The conveying section 4 comprises a normal paper conveying unit 4a and a feedback paper conveying unit 4b. The normal paper conveying unit 4a includes paper feeding rollers 41a, 41b, 41c for successively feeding papers one by one from paper feeding cassettes 13a, 13b removably mounted on the copying machine body 1 or from a stacking bypass 14, and paper feeding passages 42a, 42b, 42c, resist rollers 43, conveying rollers 44, a conveying belt 45, a heat-fixation device 46, conveying rollers 47 and paper discharging rollers 48. The feedback paper conveying unit 4b has a changeover pawl 49 positioned between the conveying rollers 47 and the discharging rollers 48, a first guide space 50 in a curved form, conveying rollers 51, a second guide space 52, a secondary paper feeding roller 53, an intermediate tray 54 and a paper feeding passage 55.
When only one image formation operation is to be performed on a piece of paper P, paper conveyance is carried out by the paper conveying unit 4a alone so that the paper is discharged to a receiving tray 15. When two or more image formation operations are to be performed on a piece of paper P, paper conveyance is alternately carried out by the paper conveying units 4a and 4b.
Figs. 1 and 2 show a first embodiment of a width arranging apparatus mounted on the intermediate tray.

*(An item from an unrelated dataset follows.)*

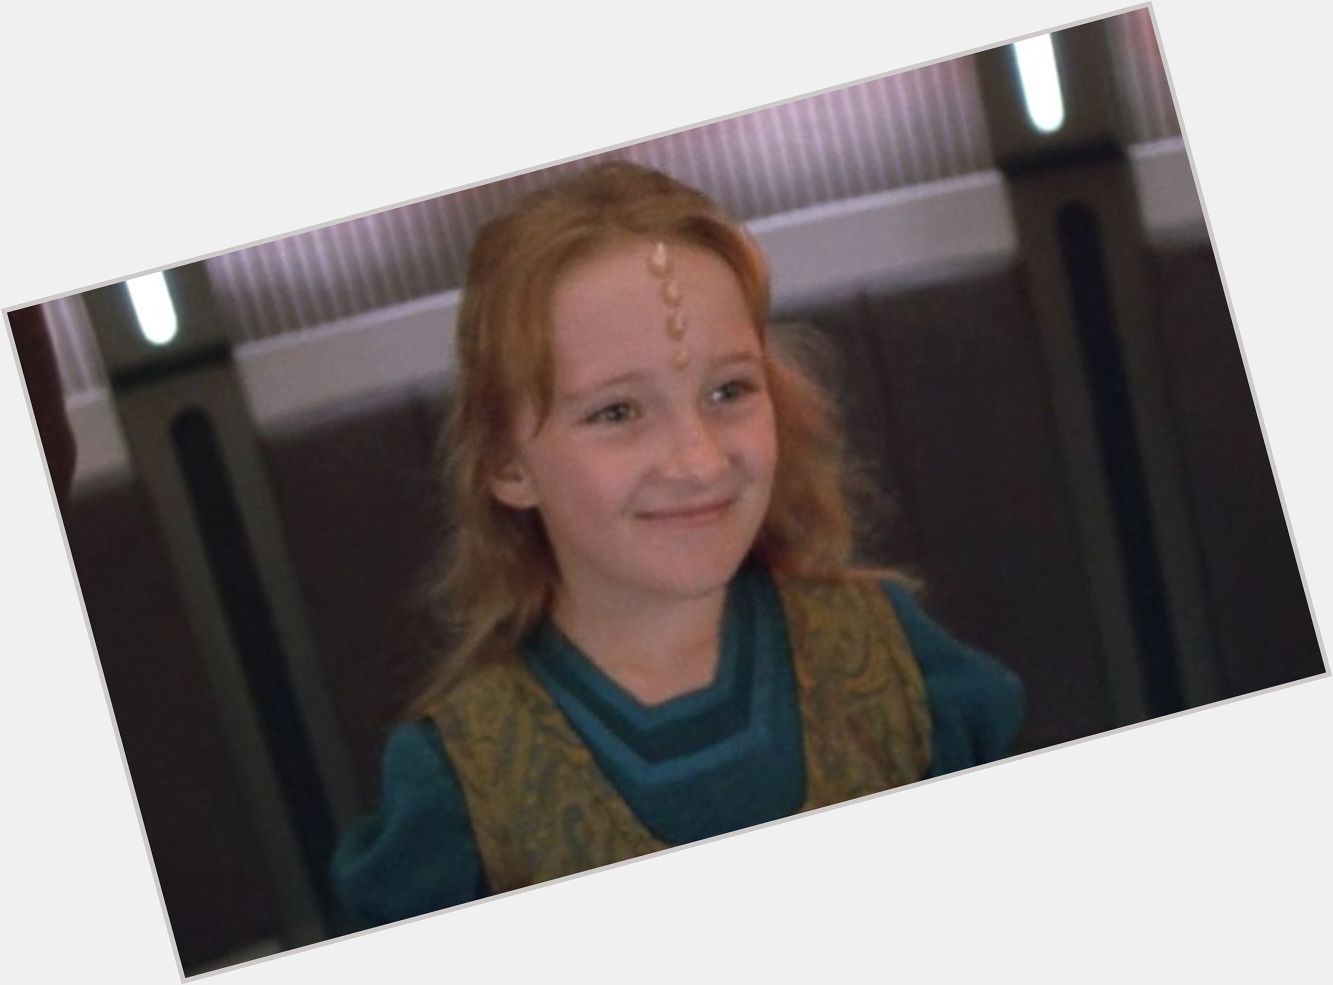 Join us in wishing a very happy birthday to Scarlett Pomers, who played Naomi Wildman on Voyager!

The width arranging apparatus in accordance with the first embodiment comprises a pair of sliding members 64 which are movable toward and away from each other. Each of the sliding members 64 has a pair of engagement projections 63 which can slide in each of a pair of slots 62 formed at predetermined positions in a base plate 61 for supporting paper P. The sliding members 64 are connected to each other by a link mechanism 65 for moving the sliding members 64 an equal distance in the opposite directions. One of the sliding members 64 is connected to an actuating shaft 66a of a solenoid 66 attached to a long-size plate 66b at a predetermined position thereof, the plate 66b being slidable in a width arranging direction on the base plate 61. Standing portions 67 for width arrangement are disposed on the top surfaces of the sliding members 64 at predetermined positions thereon (the outermost positions).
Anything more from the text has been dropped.